Testing is one way to ease concerns. But it is tough to get a COVID-19 test in New Jersey right now. There was a very long line for testing in Hoboken on Thursday. Most were there for a pre-holiday test, just in case.
“We are traveling for Christmas, and I just wanted to get tested quick before we do that with the family,” says Brandon McKeowan, of Hoboken.

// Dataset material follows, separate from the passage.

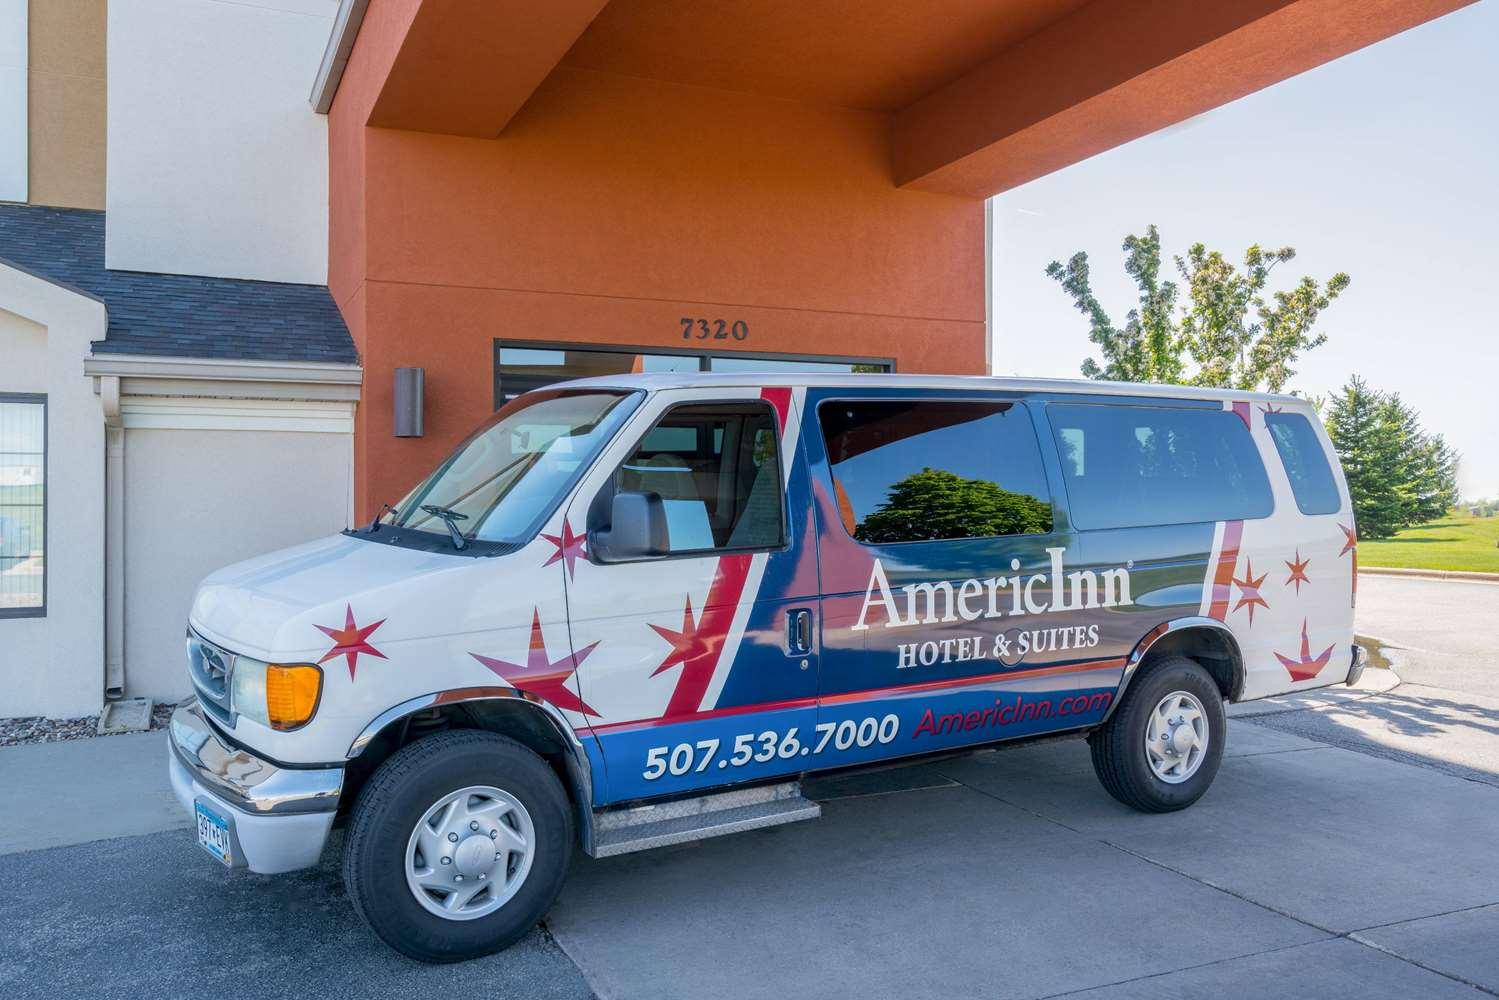 proam - AmericInn Hotel & Suites Airport Rochester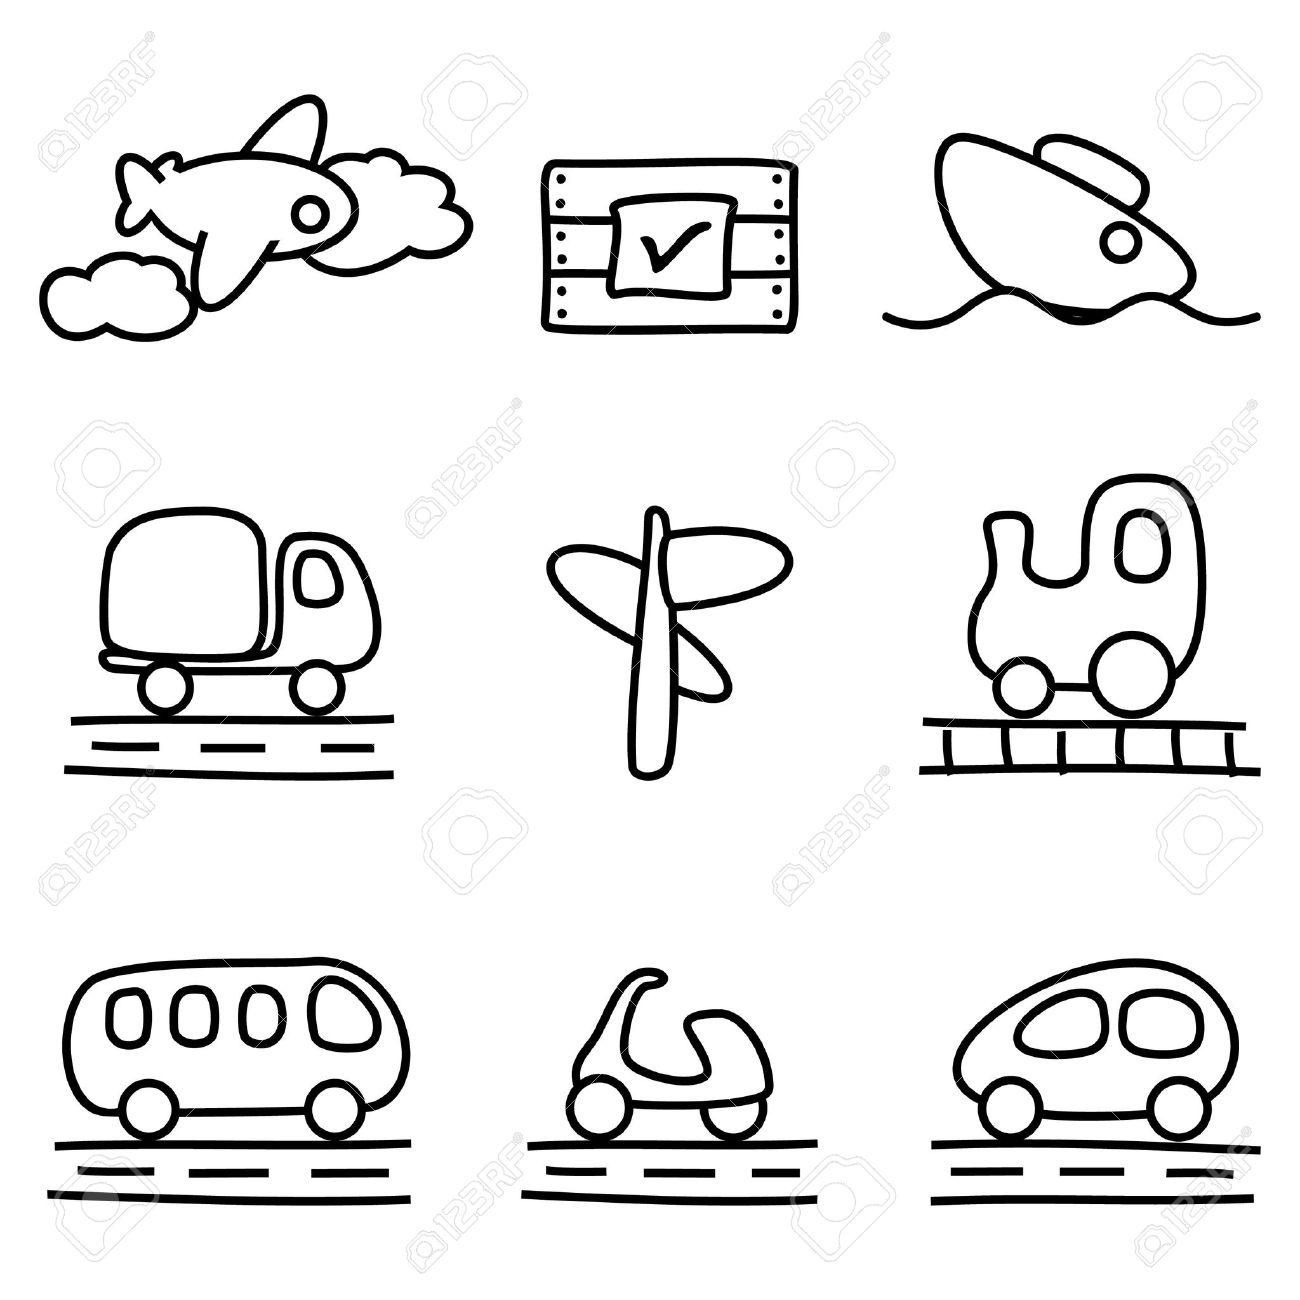 Transportation icons (black and white variation).

Even if the tests are negative and even if everyone in the family feels OK, experts say that one can’t play it too safe when it comes to Omicron.
Those gatherings in groups should consider keeping masks on in the house when company is over. When eating or drinking, people should be spaced out or even sitting at separate tables. Also consider keeping doors and windows open.
“Air circulation in a room is really important. A room that has all the windows and doors closed – much easier to spread virus. So, if you can keep the windows open, keep a door open, that’s really going to help protect,” Nachman says.
Nachman and others in the medical community say that the best protection is still to get vaccinated and get the booster shot when eligible.